The recursive pseudocode for Karatsuba is not much different from the basic divide and conquer method. The only change is in how C1 is computed.

## The Recursive Pseudocode (Karatsuba)

```c++
function karatsuba(A, B):
    if length(A) is single-digit or length(B) is single-digit:
        return A times B  // This is the base case (multiplying single-digit numbers)
    
    // Prepare for the recursive steps by determining the half-length.
    n = max(length(A), length(B))
    half_n = n / 2
    
    // Split A and B into their respective halves. Assign each half to a variable.
    AL = left half of A
    AR = right half of A
    BL = left half of B
    BR = right half of B

    // Recursively call the katarsuba function, passing the appropriate parameters
    // for C2 and C0, which are the same as in the basic divide and conquer method.
    C2 = karatsuba(AL, BL) // FIRSTS
    C0 = karatsuba(AR, BR) // LASTS

    // Recursively call the karatsuba function to compute C1 using the optimized method.
    // This uses the results from C2 and C0 to reduce the number of multiplications
    // needed to compute C1.
    C1 = karatsuba(AL + AR, BL + BR) - C2 - C0

    // Calculate the addition part using the results from the recursive
    // calls. Accumulate the final result, appending the appropriate number
    // of zeros (i.e., multiplying by the appropriate power of 10).
    sum = c2 adjusted by 10^n
    sum = sum + c1 adjusted by 10^(n/2)
    sum = sum + c0 adjusted by 10^0

    return sum
```

To get a better intuition for the total number of multiplications involved, a similar worksheet is provided to step through the `1203` times `4536` multiplication with the Karatsuba optimization.

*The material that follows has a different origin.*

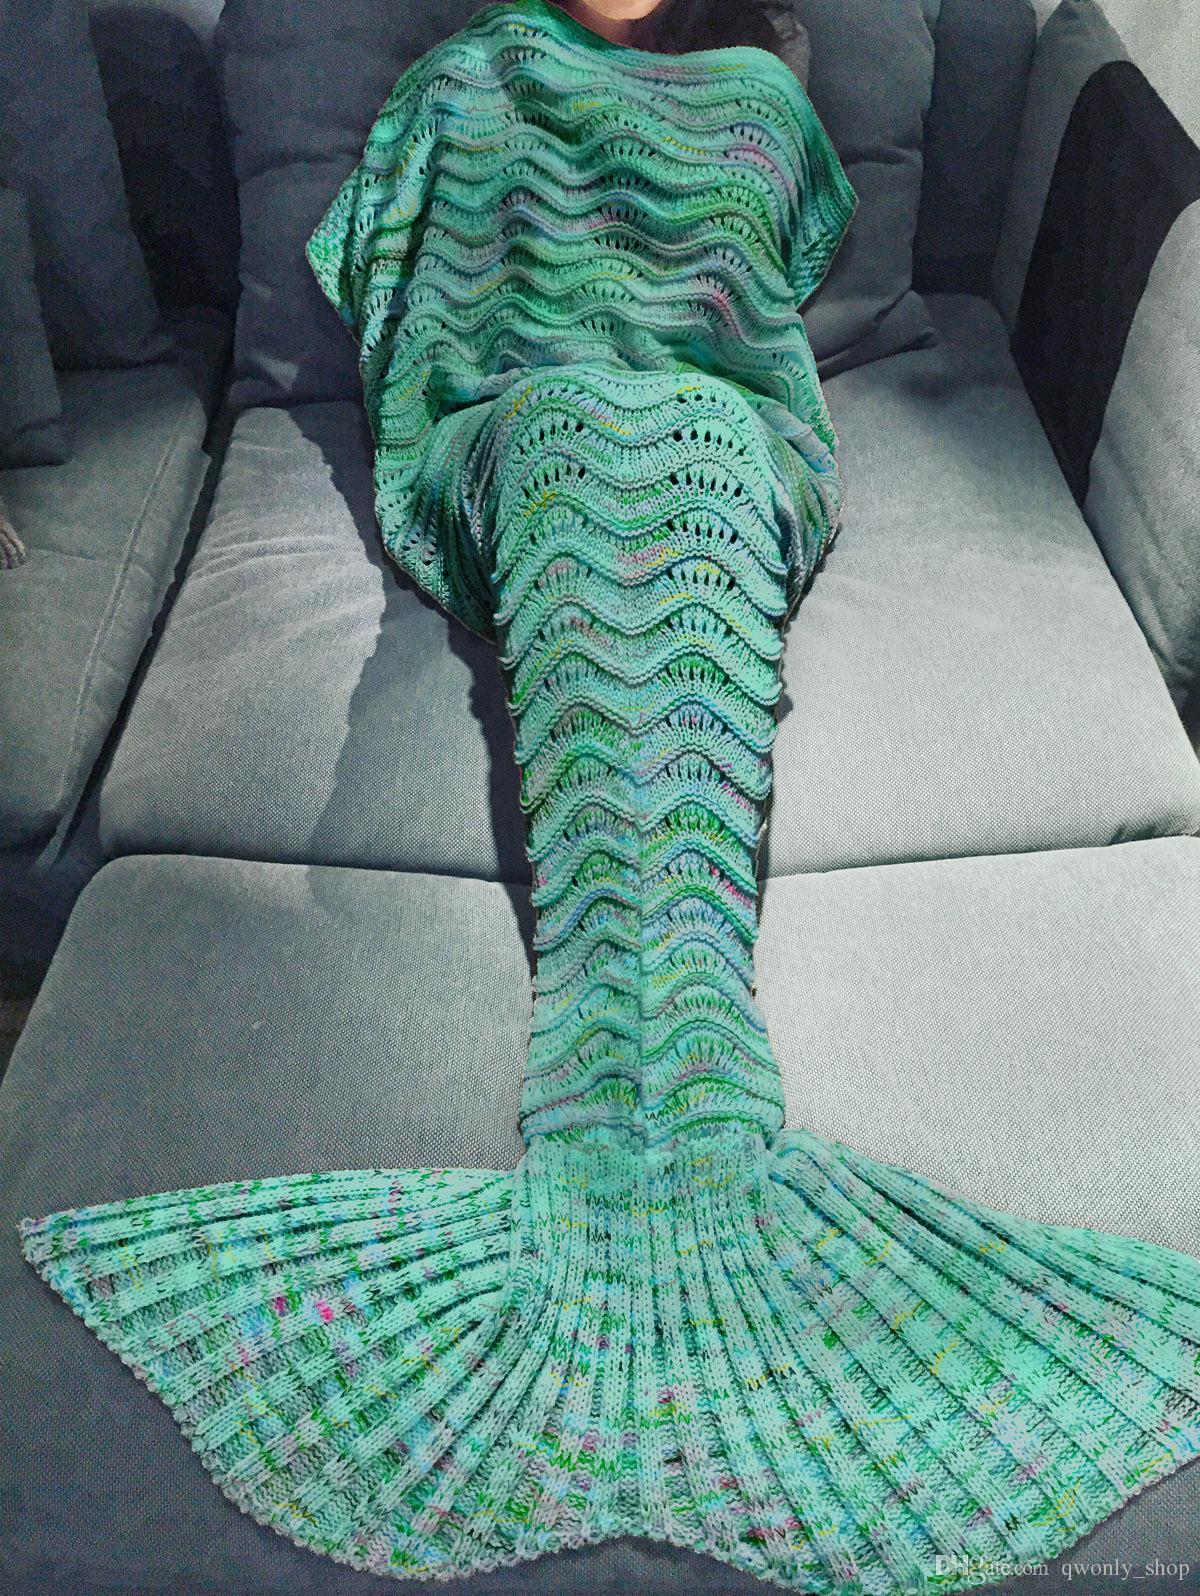 2017 Hot Sell Mermaid Tail Blanket Handmade Crochet
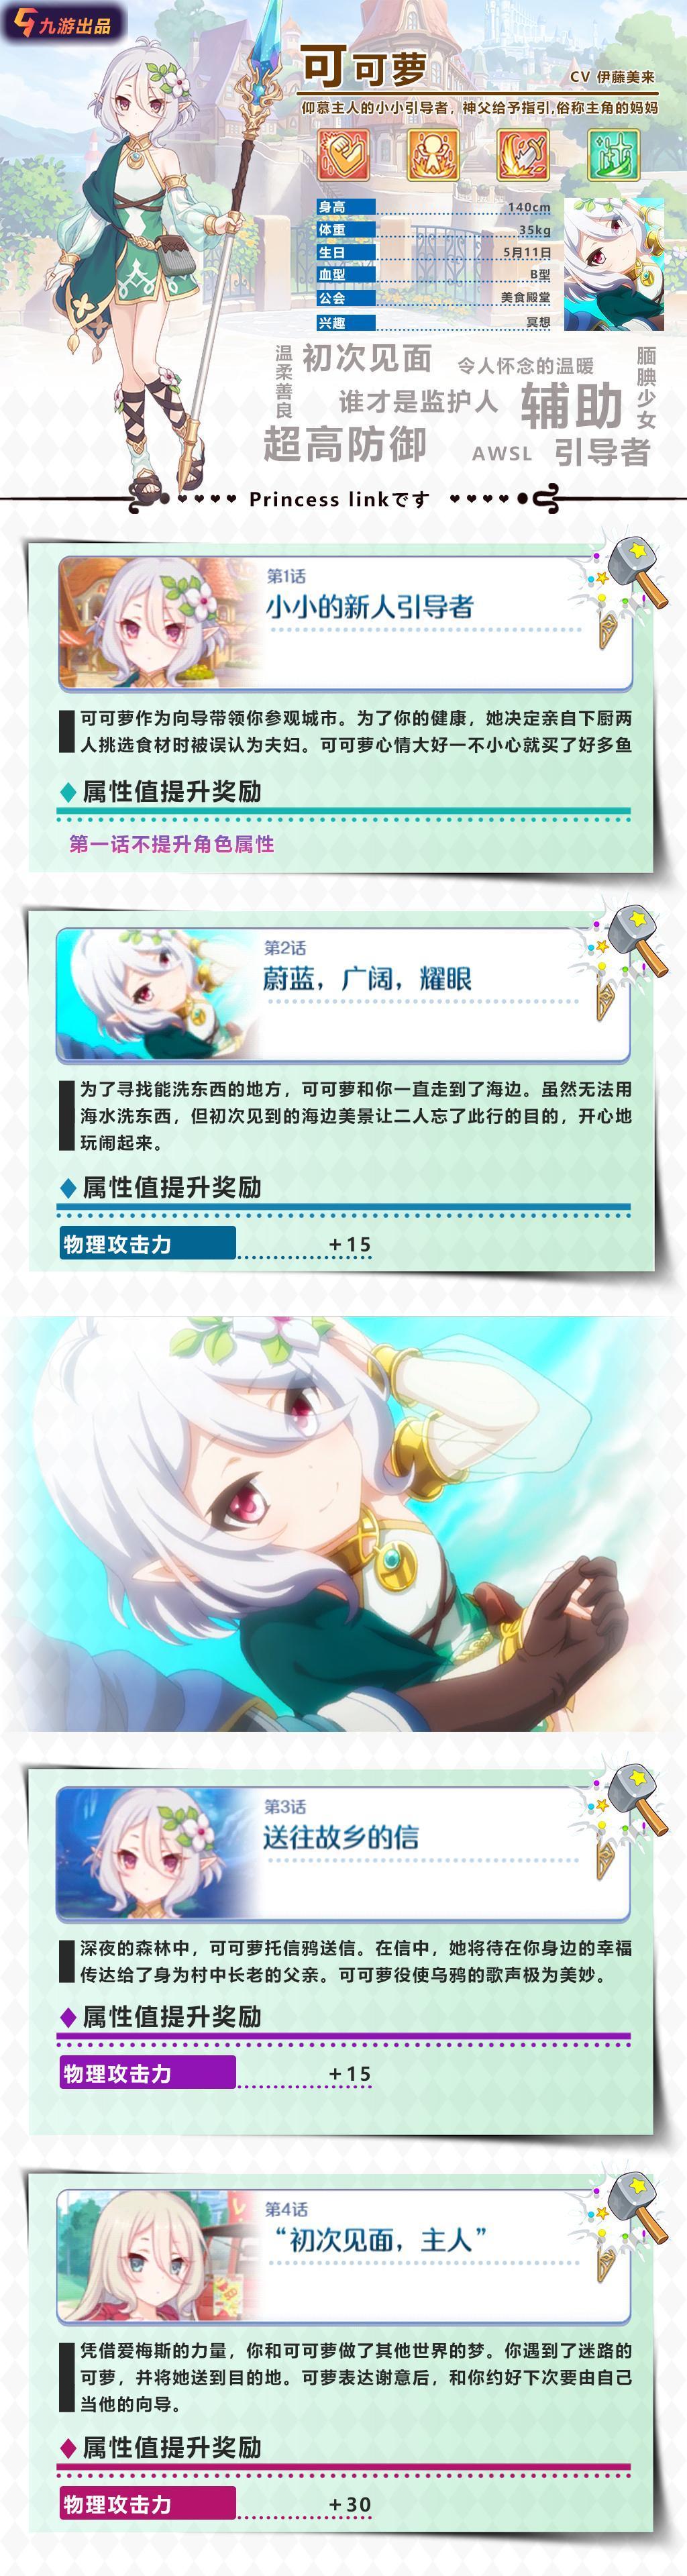 公主剧情s可可萝1.jpg

[Karatsuba Multiplication Worksheet](https://latessa.github.io/cpp-labs/worksheets/Lab09/Multiply_Karatsuba_Worksheet.pdf)

We see that the Karatsuba multiplication method requires `3` multiplications of smaller numbers at each level of recursion. For our two 4-digit numbers, we performed a total of `9` single-digit multiplications, which is fewer than the `16` single-digit multiplications required by both the elementary school method and the basic divide and conquer method for 4-digit numbers.